Dr. Widlanski specializes in Arab politics, communications and counter-terrorism.  He wrote Battle for Our Minds: Western Elites and the Terror Threat (Simon & Schuster—Threshold Books, March 2012), an exposé of how Western intelligence officials and mass media have failed to confront Arab-Islamic terror.

“I think that my special background has allowed me to see and to show angles that most professors might not,” Dr. Widlanski explained.  “My academic background is political science, political communication, Islam and counter-terrorism, with five academic degrees on three continents, three in the US, one in Egypt and one in Israel.  But my professional life has included stints as a reporter, foreign correspondent, editor, negotiator and security official for organizations as diverse as The New York Times, Israeli Army radio, The Jerusalem Post, Cox Newspapers, the Israeli Prime Minister’s Office and the Israeli Minstry of Public Security.”

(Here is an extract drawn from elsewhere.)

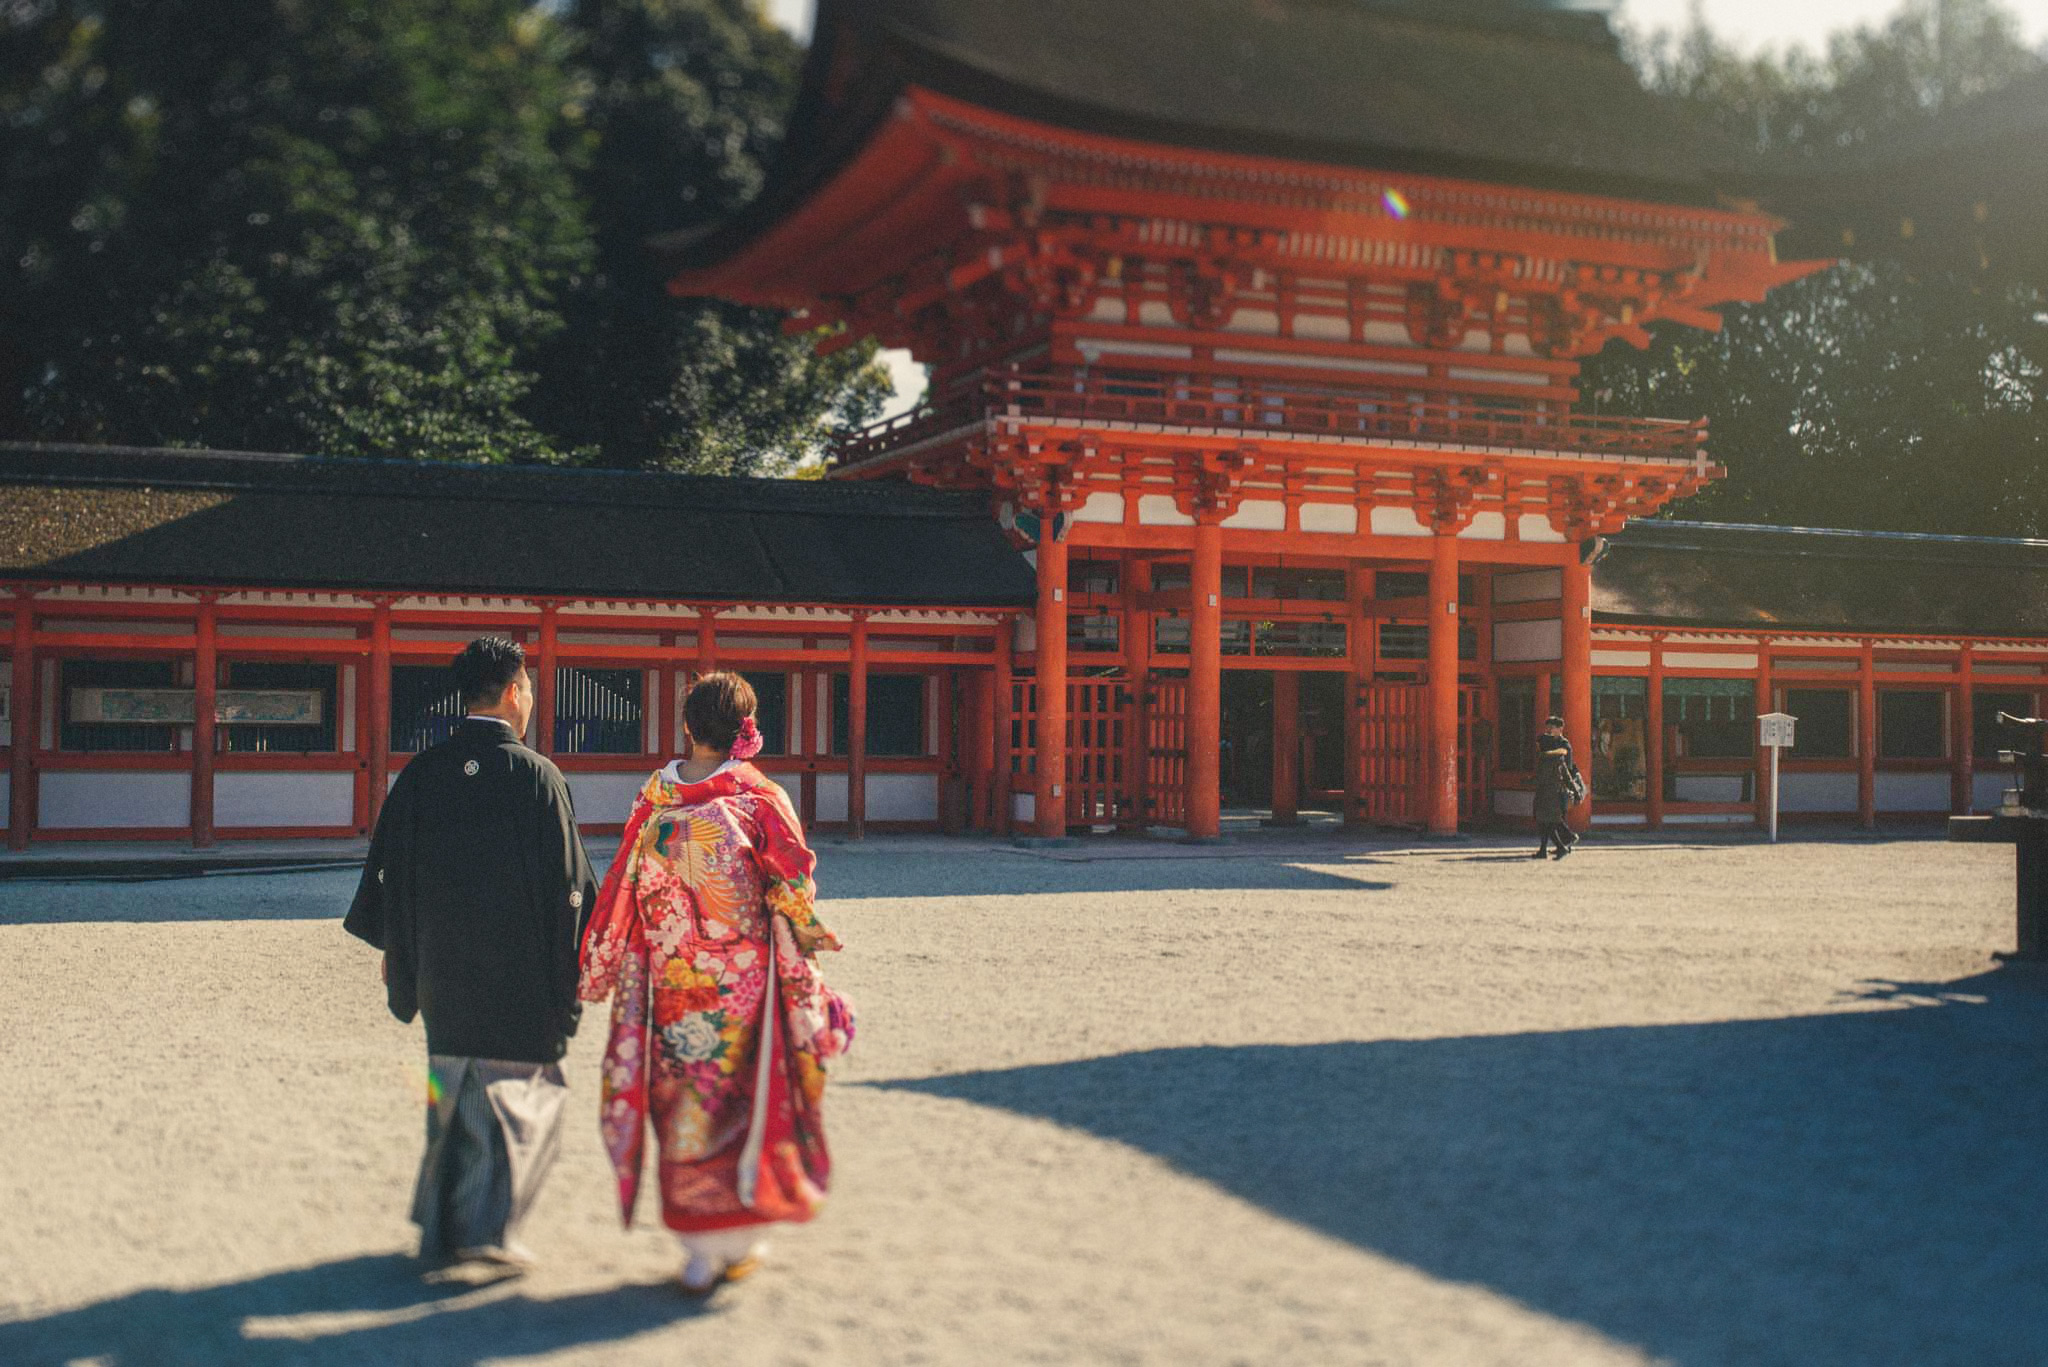 japan-wedding-photography-by-roberto-panciatici-photography-33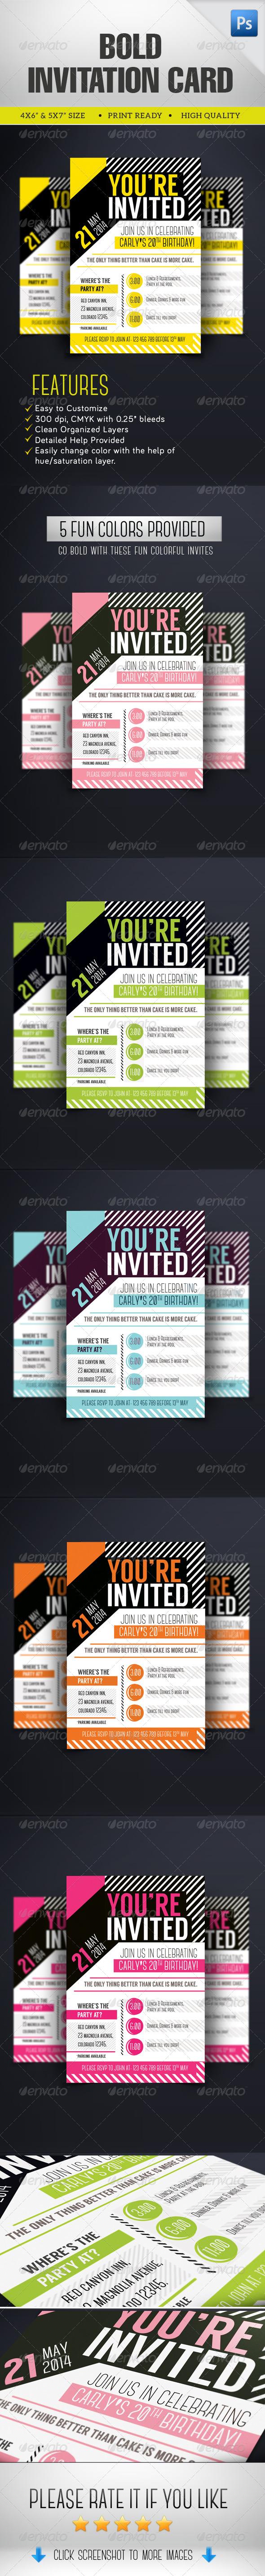 bold-invitation

Born in New York, Dr. Widlanski has five degrees from three continents.  From Columbia University, he has a bachelor’s degree in political science, a master’s in international affairs and a post-graduate certificate in Middle East affairs.  He also holds a certificate in advanced Arabic from the American University in Cairo and a Ph.D. in political science and communications from Bar Ilan University.  His doctorate probed the role of Palestinian broadcast media in the Palestinian state-building process.

Dr. Widlanski’s background combines the field experience of a journalist and security official with the intense academic research of a scholar.  Fluent in Hebrew and several dialects of Arabic, he is a former Middle East reporter, correspondent and editor, respectively at the New York Times, the Cox Newspapers-Atlanta Constitution, and The Jerusalem Post.  He has also written for The Daily News, The New York Post, National Review, The New Republic and Ha’aretz.  In 1982, he was Arab affairs correspondent during the Lebanon War for Israel Army Radio, and was later diplomatic correspondent for IBA Israel Television (English).

From 1991 to 1992, Dr. Widlanski served as special advisor to Israeli delegations to peace talks, and was Strategic Affairs Advisor to the Ministry of Public Security, Israel’s version of Homeland Security, from 2001 to 2002, where he edited captured PLO archives depicting PLO and Hamas activities.

Dr. Widlanski has taught Middle East politics, political communications and comparative politics for two decades at Hebrew University, Washington University in St. Louis, and the National Geospatial Intelligence Agency and was a research fellow at the Shalem Center.  He currently teaches at Bar Ilan University.

“At UCI I am planning to teach four to six courses in two trimesters, and I want to speak inside the political science department and social science faculty but perhaps also at larger campus events,” Dr. Widlanski said.

How does he feel about the peace process?  “Giving peace a chance” is always a good idea, he said.  “That is something that has united Israelis since Israel’s modern founding in 1948, but most Israelis are dubious about the chances for any real progress.”

While Dr. Widlanski and many other Israelis welcome diplomatic activity spurred by the United States, the claims by leading US officials that peace will be achieved in nine months is “wildly unrealistic,” he added.  “The Palestinian leadership is divided between Hamas and the PLO.  Hamas swears it wants to smother Israel, while the PLO leadership smiles at Western audiences in English while telling its own people that Israel must disappear.”

Dr. Widlanski explained that PLO leader Mahmoud Abbas is, “in fact, not really head of the Palestinian Authority.  His term expired several years ago, but not his unilateral actions against Israel.  He dresses more like a businessman than did his predecessor, Yasser Arafat, but he shares Arafat’s agenda.”

The Schusterman Visiting Professor concluded, “As someone who did his doctorate on the Palestinians and speaks Arabic, I have seen this up close many times.  It is good to hope for peace, but it is dangerous to build hopes on mirages.”